# Walking in the Rain



## Ninde'Gold (Oct 21, 2006)

I walk my dogs no matter what the weather... I even try when it's storming but Tucker won't have any of it and runs back towards the door.

My dogs drink from puddles from time to time and its never bothered them, so I'm not sure what to suggest about that.


----------



## Megora (Jun 7, 2010)

Regular steady or misty rain - I grab the umbrella and go.  

Torrential downpours - I stay home. 

Puddle drinking I don't really encourage. But it's not something I worry about too much. I imagine freshly downpoured rain's healthier than drinking runoff from chemically treated lawns. <- Which has happened and made me very nervous.


----------



## Golden999 (Jun 29, 2010)

GoldenLover84 said:


> I walk my dogs no matter what the weather... I even try when it's storming but Tucker won't have any of it and runs back towards the door.

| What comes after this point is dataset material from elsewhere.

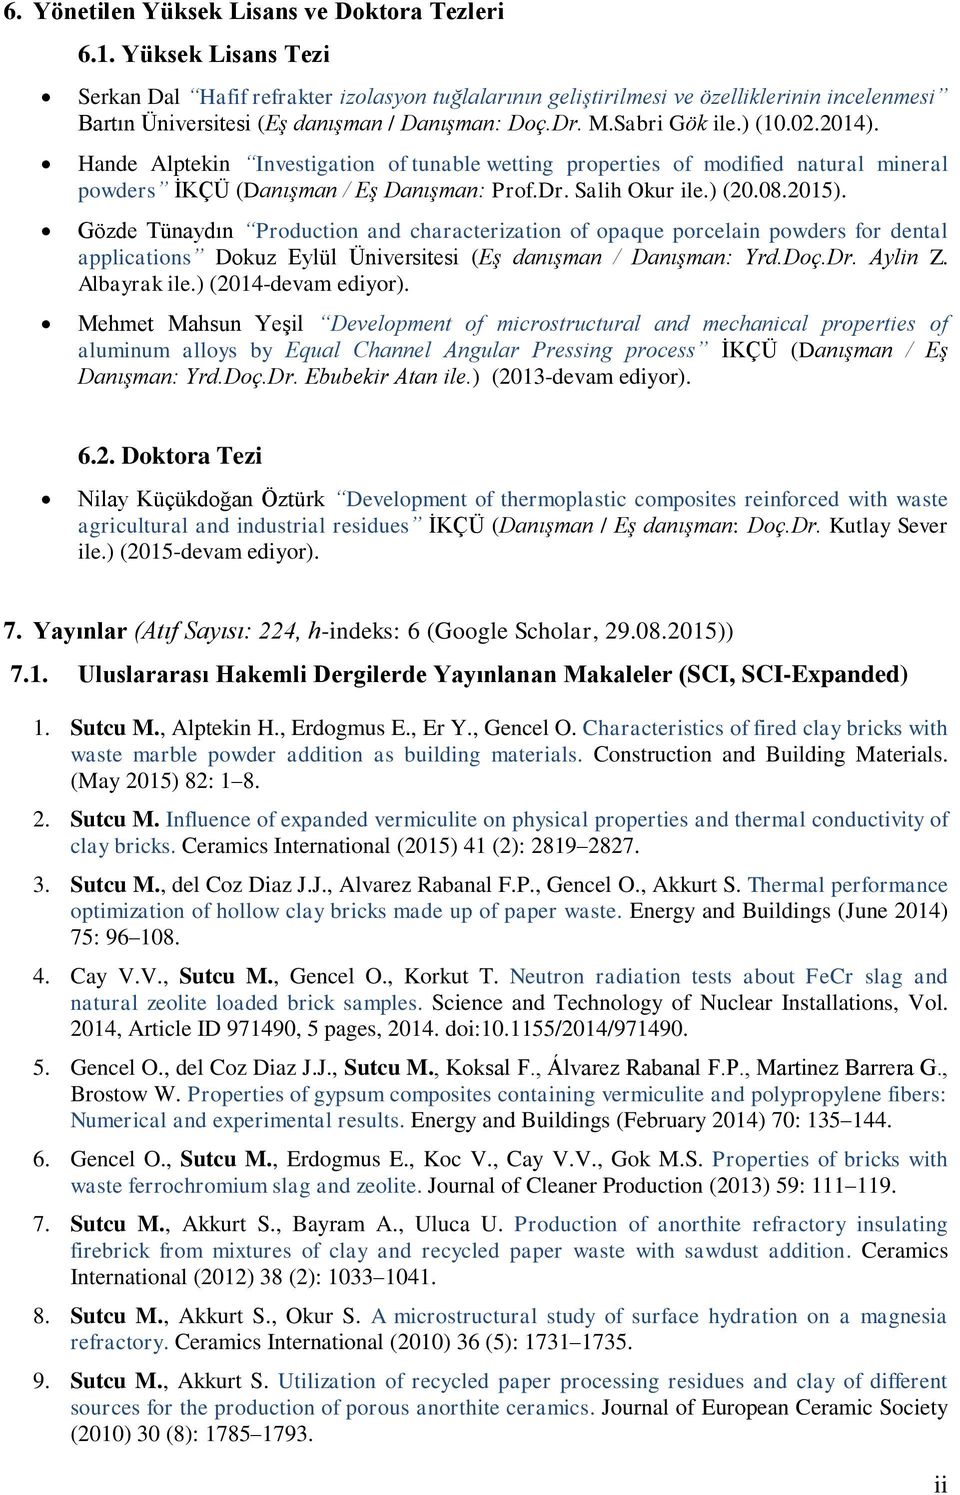 Hande Alptekin Investigation of tunable wetting properties of modified natural mineral powders İKÇÜ (Danışman / Eş Danışman: Prof.Dr. Salih Okur ile.) (20.08.2015).

I've walked my dog in a lot of rainstorms and even blizzards and he's always enjoyed it. He really seems to think of his walk like the postal service -- come rain, or snow, or sleet, or hail, the walk must go through. And I'm happy to put up with the weather for my dog (and I could use the exercise myself).

I've always figured that dogs are pretty hardy and a little rain won't hurt them as much as missing a walk. Him getting sick yesterday gave me pause, though, and is sort of making me second-guess myself. 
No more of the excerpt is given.